There is no need to specifically modify code to use DAOS, however, DAOS can be used in several different modes so some consideration should be given on where to start. The diagram below provides a suggested path to testing an application beginning at the green downward arrow.

DAOS Porting Stragegy


The first suggested step to test with dFuse. dFuse utilizes the linux FUSE layer to provide a POSIX compatible API layer for any application that uses POSIX directly or indirectly though an I/O library. The dFuse component provides a simple method for using DAOS with no modifications. Once the DAOS container is mounted via dFuse, applications and utilities can access data as before. dFuse will scale as more compute nodes are added, but is not efficient on a per-node basis so will not provide ideal results at small scale. dFuse doesn't provide ideal metadata performance either but it does have the advatange of utilizing the Linux page cache, so workloads that benefit from caching may see better performance than other methods.

Interception Library

The interception library (IL) is a next step in improving DAOS performance. The IL will intercept basic read and write POSIX calls while all metadata calls still go through dFuse. The IL can provide a large performance improvement for bulk I/O as it bypasses the kernel and communicates with DAOS directly in userspace. It will also take advantage of the multiple NICs on the node based on who many MPI processes are running on the node and which CPU socket they are on.
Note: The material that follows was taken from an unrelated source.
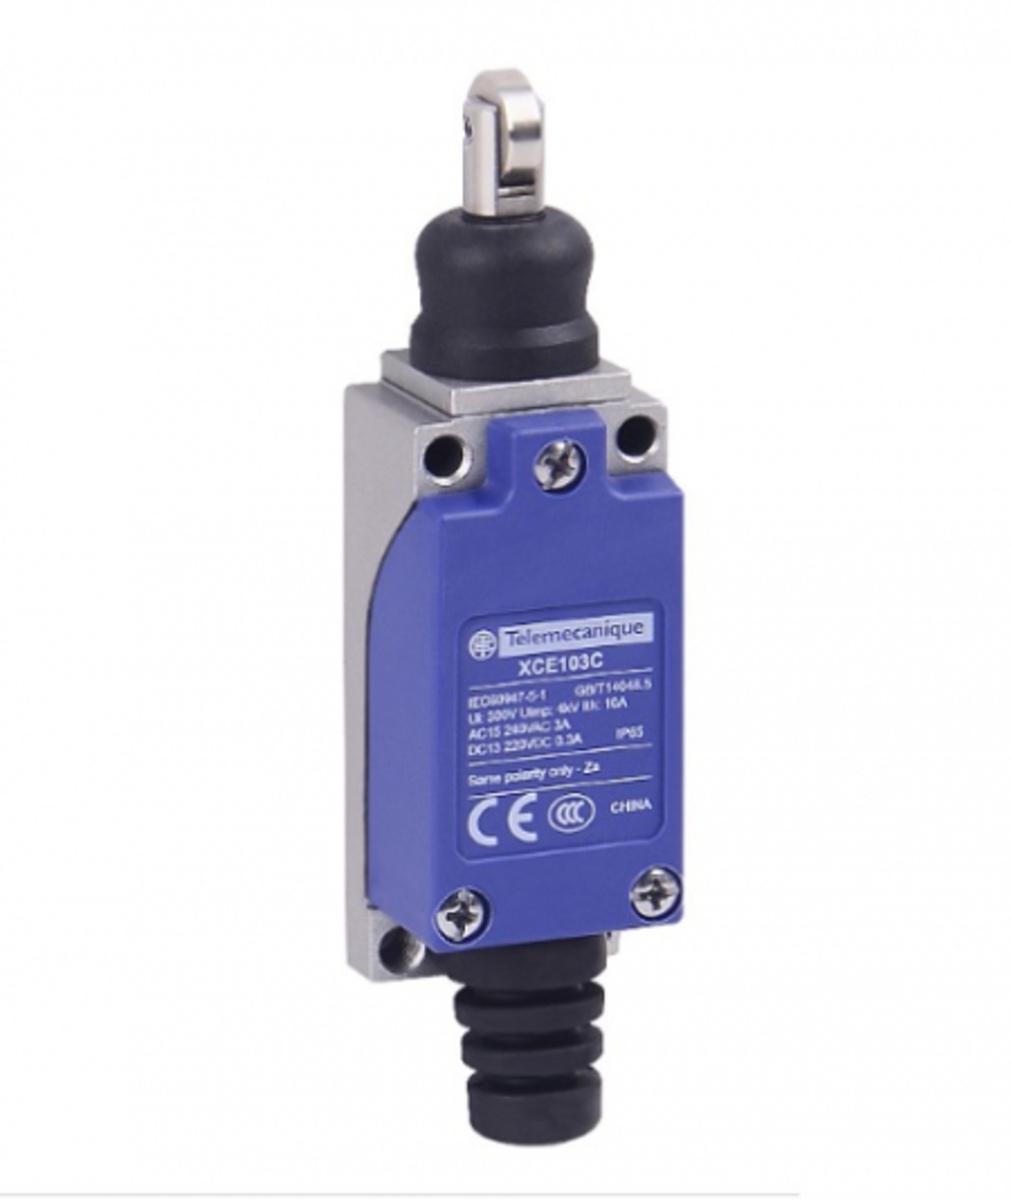 Eletriza - Eletriza Materiais Elétricos, Hidráulicos e Automação Industrial - FIM DE CURSO BASICO MET PISTAO C ROLDANA XCE103 TELEMECANIQUE

The ROMIO MPI-IO layer provides multiple I/O backends including a custom DAOS backend. MPI-IO can be used with dFuse and the interception library when using the ufs backend but the daos backend will provide optimal performance. In order to use this, one can prefix the file names with daos: which will tell MPI-IO to use the DAOS backend.


The HDF5 library can be used with POSIX or MPI-IO layers utilizing dFuse, IL or MPI-IO with DAOS. The first suggestion would be to start with dFuse and then move to MPI-IO. Once the performance of these methods has been evaluated, using the custom DAOS VOL can be attempted. The DAOS VOL will provide a performance improvement under certain types of HDF workloads. Using the VOL has other complications/benefits which should be considered as well. The VOL maps a single HDF file into a single container. This means a workload that tries to use multiple HDF files per checkpoint, will create one DAOS container for each one. This is not ideal and will likely lead to performance issues. The HDF code should be such that a single HDF file is used per checkpoint/analysis file/etc. An entire campaign might generate thousands of containers which might be some overhead on an individual to manage so many containers. As such, it might be beneficial to convert the code to write each checkpoint/time step into a HDF Group and then a single HDF file can be used for the entire campaign. This solution is more DAOS specific, as it will be functionally compatible on any system, however a traditinoal PFS may lose the entire contents of the file if a failure occurs during write while DAOS will be resilent to those failures and rollback to a previous good version.


DFS is the user level API for DAOS. This API is very similar to POSIX but still has many differences that would require code changes to utilize DFS directly. The DFS API can provide the best overall performance for any scenario other than workloads which benefit from caching.